Esses dados são importantes para considerarmos também que, nesse contexto de pandemia, muitas vidas da classe trabalhadora foram perdidas, os ambientes de trabalho têm demorado para se adaptar, a legislação trabalhista básica de segurança não tem sido cumprida e a maioria dos sindicatos não organizaram ainda as categorias como necessitam. Somente em 2020, de acordo com o Observatório Digital de Segurança e Saúde do Trabalho, 21 mil trabalhadores “se infectaram por Covid-19 exercendo tarefas em seu ambiente de trabalho”, mas nem todos os casos foram tratados como acidente ocupacional (poderia gerar aposentadoria diferenciada, pensão à família ou multa). No entanto, tem sido deixado para o trabalhador a tarefa de provar que pegou Covid-19 no trabalho. A cada 10 denúncias 04 foram relacionadas à pandemia em 2020. De 22 mil inquéritos, 44% foram irregularidades trabalhistas relativas à doença, conforme ao Ministério Público trabalho. O Novo Caged (Cadastro Geral de Empregados e Desempregados), de março de 2020 a fevereiro 2021, registra aumento de desligamentos por morte entre trabalhadores com carteira assinada (CLT), especialmente “essenciais”: Saúde Humana de 75 a 204%; Comércio de 28 a 67%; Serviços 34 e 87%; Motoristas 86 e 43%, etc. Na Educação subiu 106,7% (CNTE).
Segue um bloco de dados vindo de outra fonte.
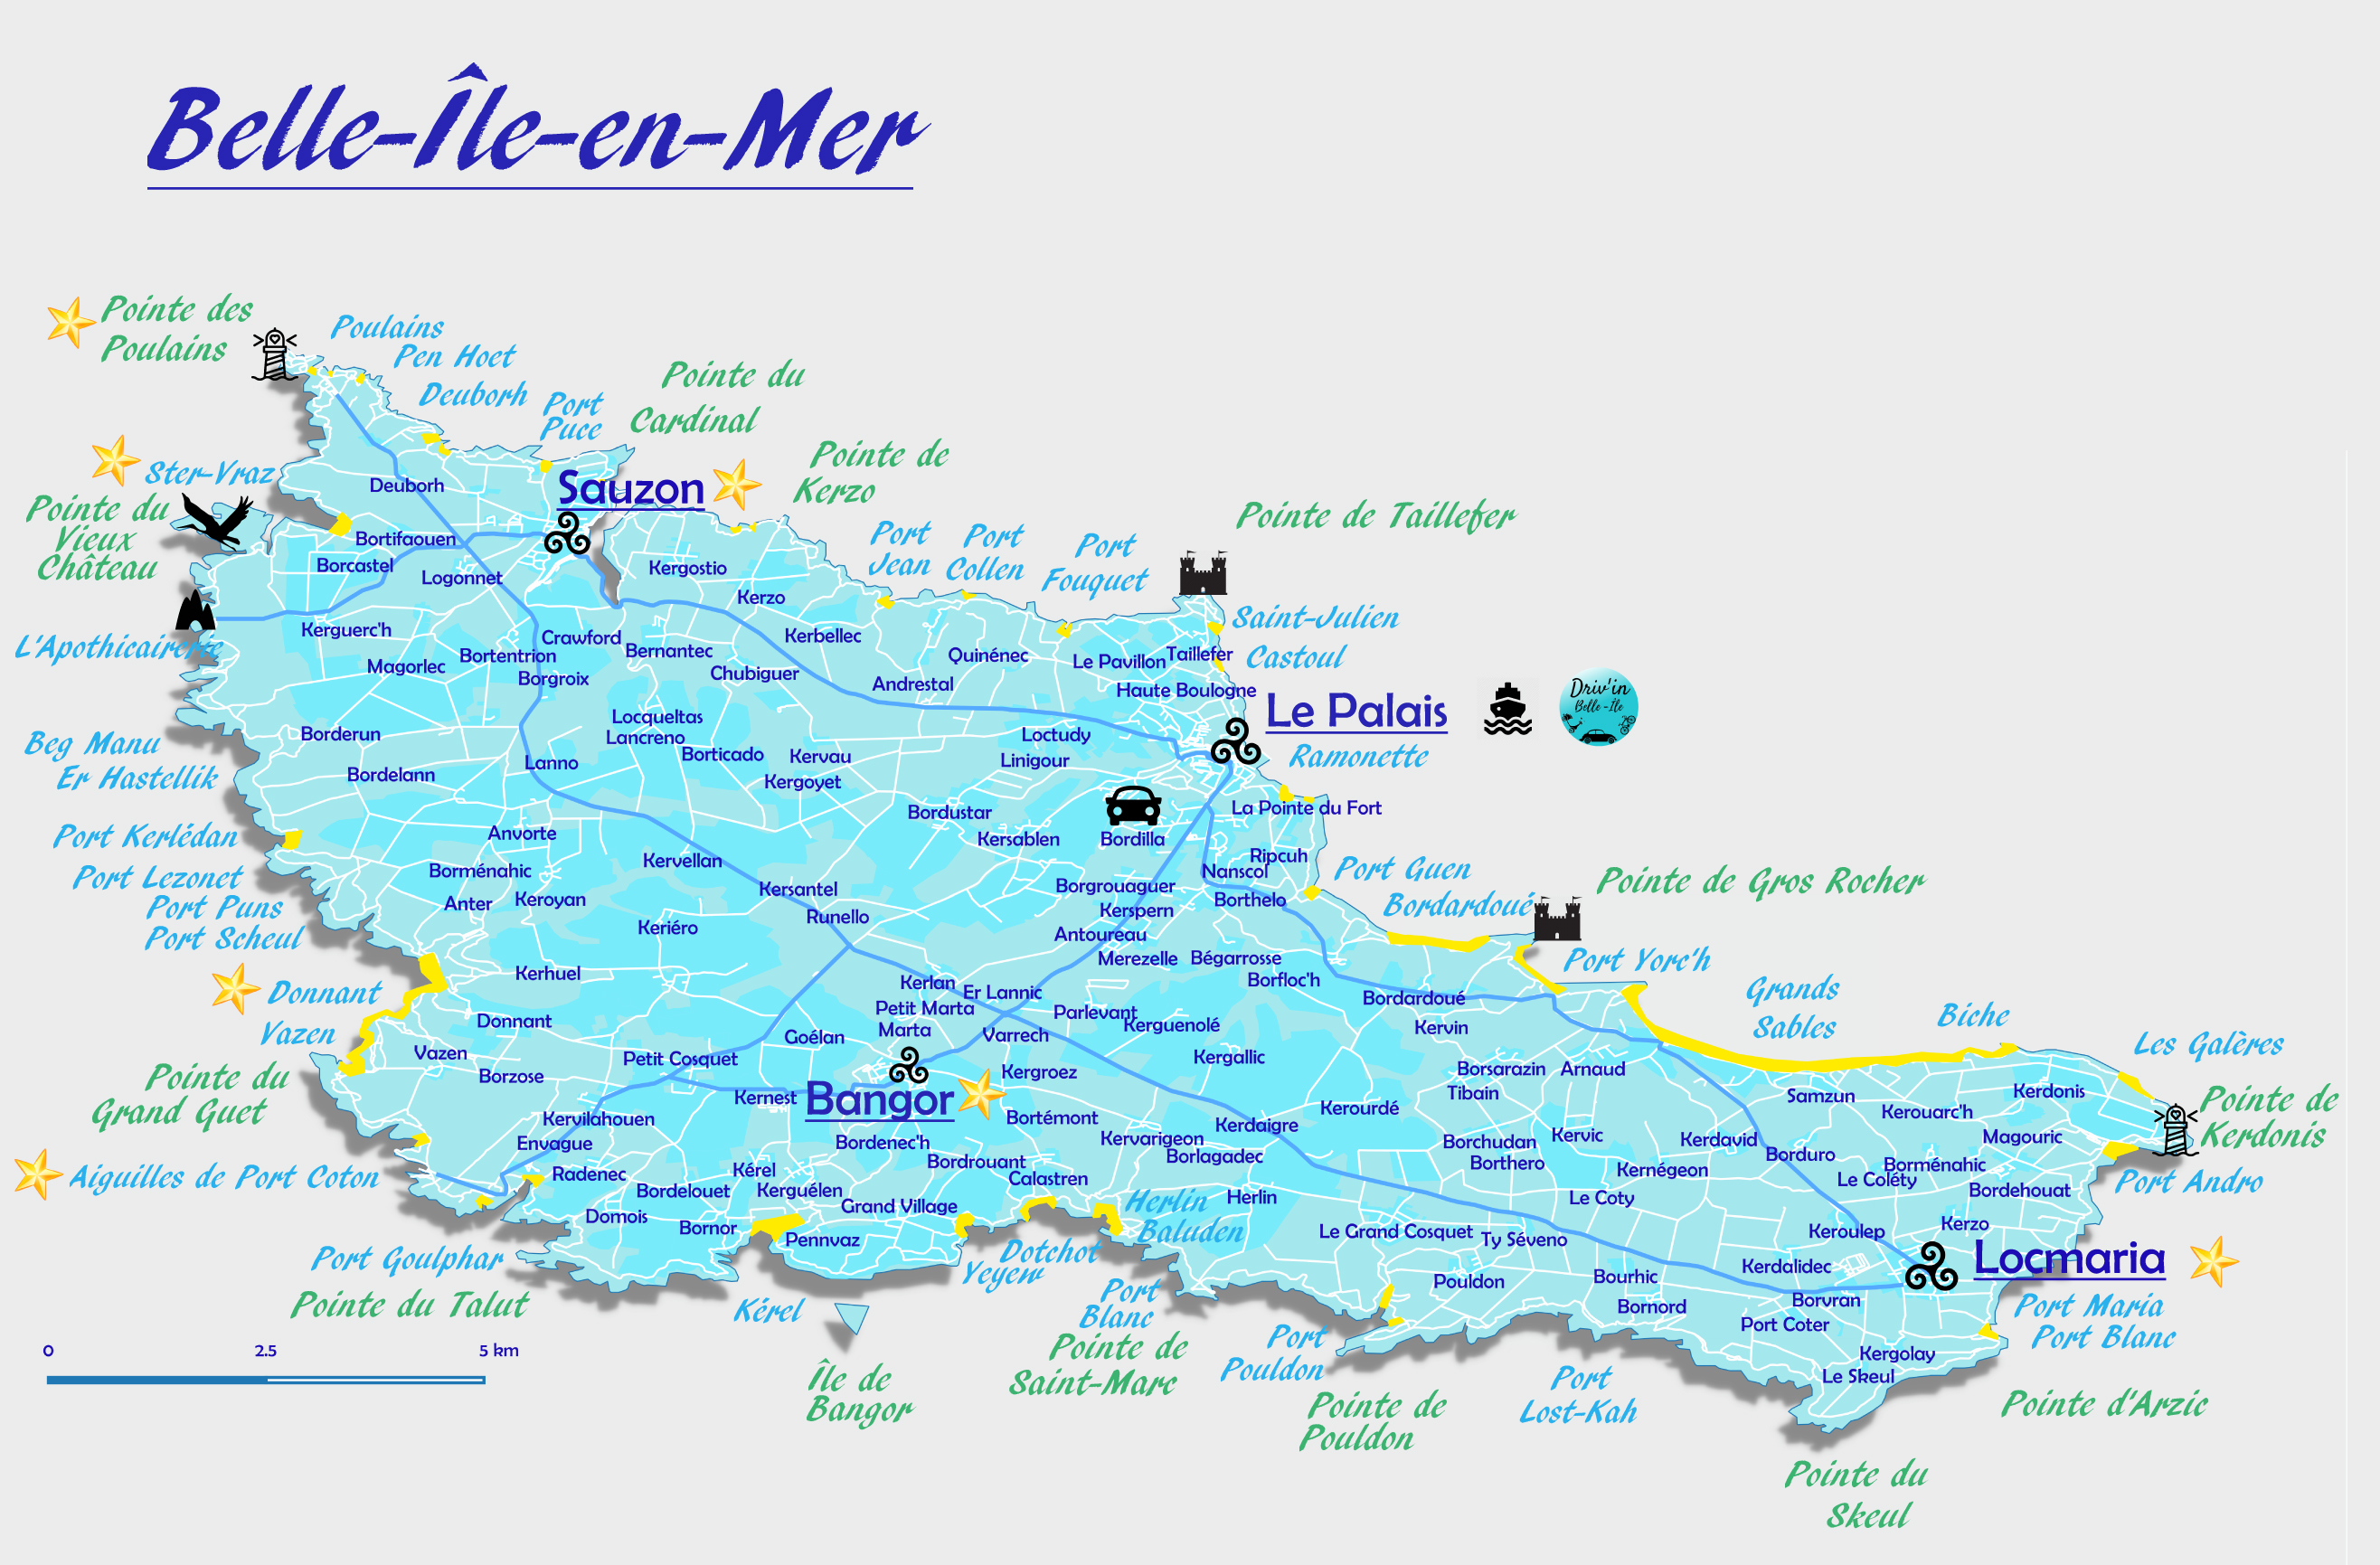 Carte Belle Ile en Mer - Découvrir Belle-Ile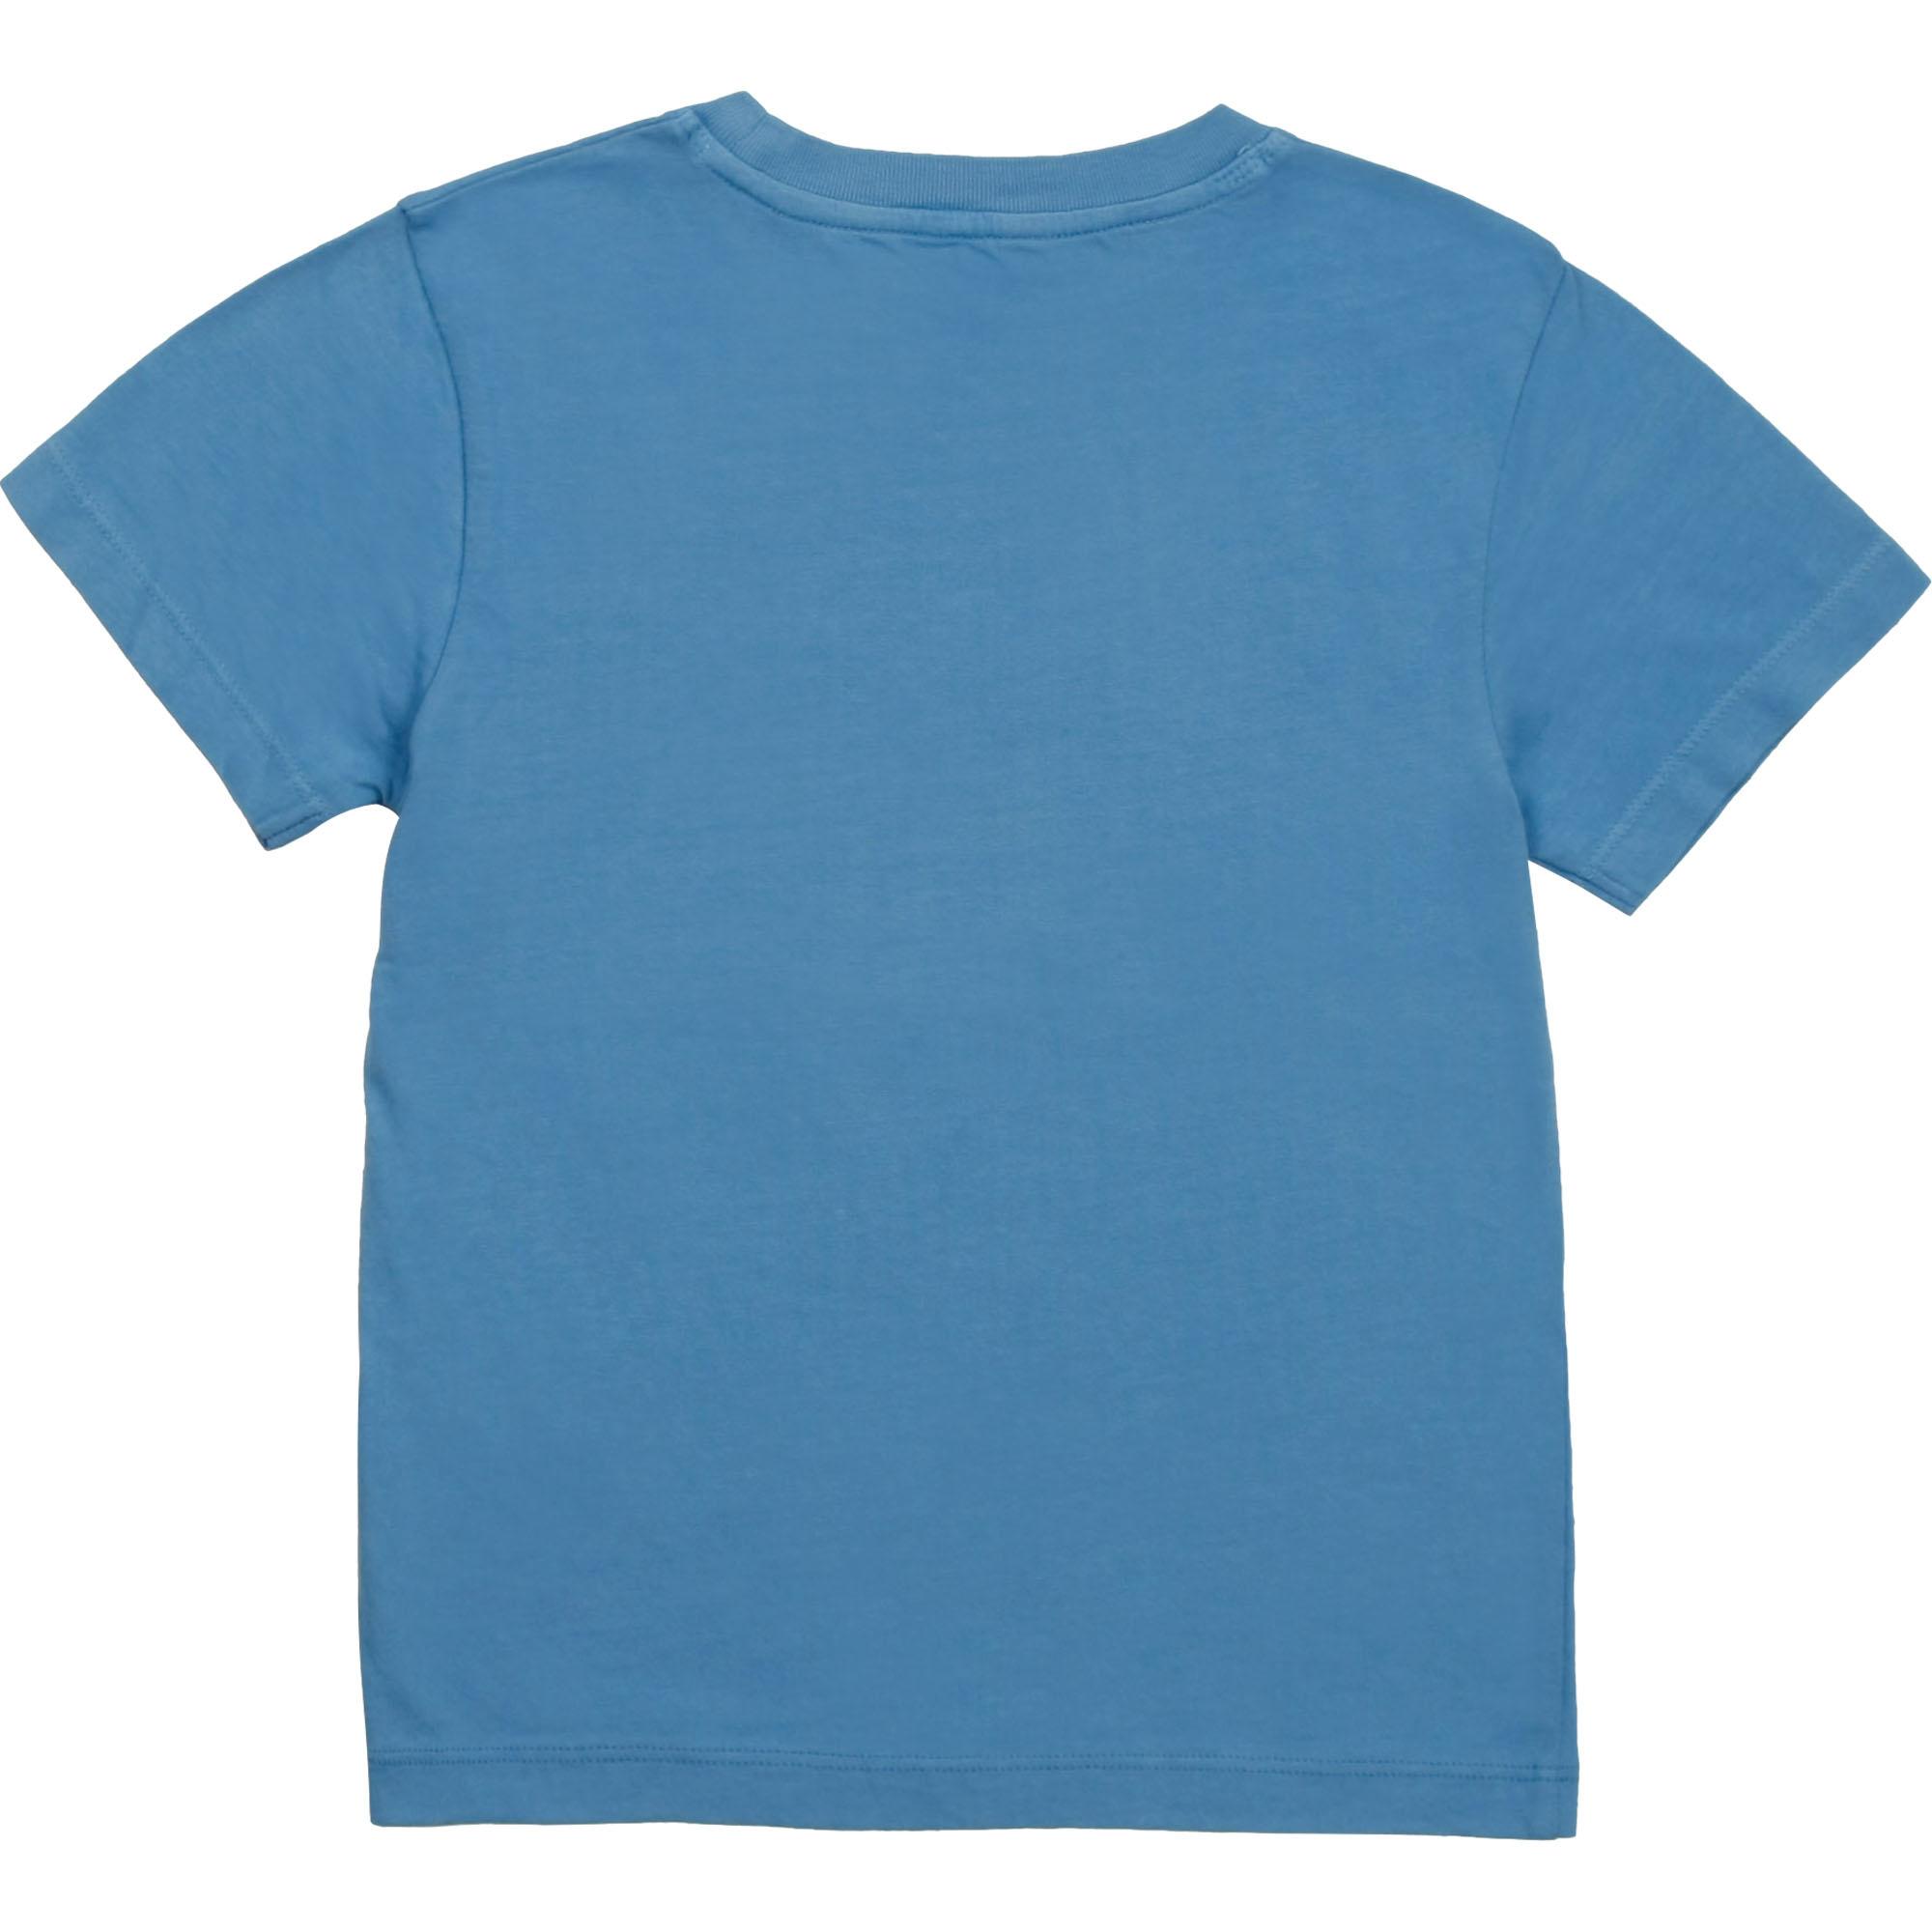 ZADIG & VOLTAIRE t shirt en jersey de coton-2

Uma situação significativa é o caso da Petrobrás: somente em maio/21 a FNP (Federação Nacional dos Petroleiros) iniciou Campanha para abertura de CAT (Comunicado de Acidente de Trabalho) por morte ou doença causada por coronavírus no sistema Petrobrás. Foram “registrados 5.895 casos com Covid-19 ou 12,7% de 46.416 funcionários, até 29/03/2021”, conforme estudo Fiocruz (sem Terceirizados). A incidência de casos na estatal corresponde a mais de duas vezes a taxa registrada no país. A empresa confirmou 32 óbitos por Covid-19. No entanto, não há notícia de CAT, o que é um ataque direto a um direito (que pode atacar outros como estabilidade, recolhimento FGTS, etc.) e pode prejudicar o trabalhador diretamente nos trâmites para os casos de sequelas da doença (tromboses, tonturas, dores, etc.)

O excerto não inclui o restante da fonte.